Data listing Start Marker

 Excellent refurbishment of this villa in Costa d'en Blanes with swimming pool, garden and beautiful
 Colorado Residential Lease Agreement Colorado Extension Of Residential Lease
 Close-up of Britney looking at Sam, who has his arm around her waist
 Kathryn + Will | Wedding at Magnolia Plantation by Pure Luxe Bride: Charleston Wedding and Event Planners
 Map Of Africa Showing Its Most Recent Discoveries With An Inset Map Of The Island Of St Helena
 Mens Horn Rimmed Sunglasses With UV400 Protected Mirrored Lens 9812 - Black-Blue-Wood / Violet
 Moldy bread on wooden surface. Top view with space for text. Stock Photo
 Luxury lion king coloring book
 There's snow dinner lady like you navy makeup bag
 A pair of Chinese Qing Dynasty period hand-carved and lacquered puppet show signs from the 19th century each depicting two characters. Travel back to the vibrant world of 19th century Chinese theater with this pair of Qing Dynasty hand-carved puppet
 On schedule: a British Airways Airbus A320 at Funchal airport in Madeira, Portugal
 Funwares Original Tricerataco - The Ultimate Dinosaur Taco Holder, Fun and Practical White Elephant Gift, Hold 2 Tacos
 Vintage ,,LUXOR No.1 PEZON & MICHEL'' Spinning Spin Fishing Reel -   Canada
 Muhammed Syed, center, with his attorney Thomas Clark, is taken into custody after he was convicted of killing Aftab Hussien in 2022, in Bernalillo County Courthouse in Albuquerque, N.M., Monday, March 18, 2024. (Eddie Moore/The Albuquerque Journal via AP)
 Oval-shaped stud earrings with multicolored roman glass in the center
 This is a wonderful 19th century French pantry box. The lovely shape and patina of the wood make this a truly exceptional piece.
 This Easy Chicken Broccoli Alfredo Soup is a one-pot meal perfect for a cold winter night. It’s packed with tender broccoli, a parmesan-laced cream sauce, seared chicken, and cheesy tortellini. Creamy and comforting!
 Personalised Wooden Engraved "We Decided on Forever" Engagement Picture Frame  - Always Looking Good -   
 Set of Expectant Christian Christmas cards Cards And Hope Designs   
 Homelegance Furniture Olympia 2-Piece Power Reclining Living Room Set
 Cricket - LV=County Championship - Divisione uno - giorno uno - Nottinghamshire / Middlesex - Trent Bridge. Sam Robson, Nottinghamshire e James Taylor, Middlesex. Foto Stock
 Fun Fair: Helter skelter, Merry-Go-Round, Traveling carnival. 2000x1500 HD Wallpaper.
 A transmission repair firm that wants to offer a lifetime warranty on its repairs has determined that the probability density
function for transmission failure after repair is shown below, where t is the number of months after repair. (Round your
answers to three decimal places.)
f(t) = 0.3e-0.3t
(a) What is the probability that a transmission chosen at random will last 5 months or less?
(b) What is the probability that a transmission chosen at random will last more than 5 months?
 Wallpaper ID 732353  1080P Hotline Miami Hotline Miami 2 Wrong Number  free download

Data listing End Marker

[Assignment]: Which lines in the data above hold the string "random"? Show each one.

[Response to the task]:
(a) What is the probability that a transmission chosen at random will last 5 months or less?
(b) What is the probability that a transmission chosen at random will last more than 5 months?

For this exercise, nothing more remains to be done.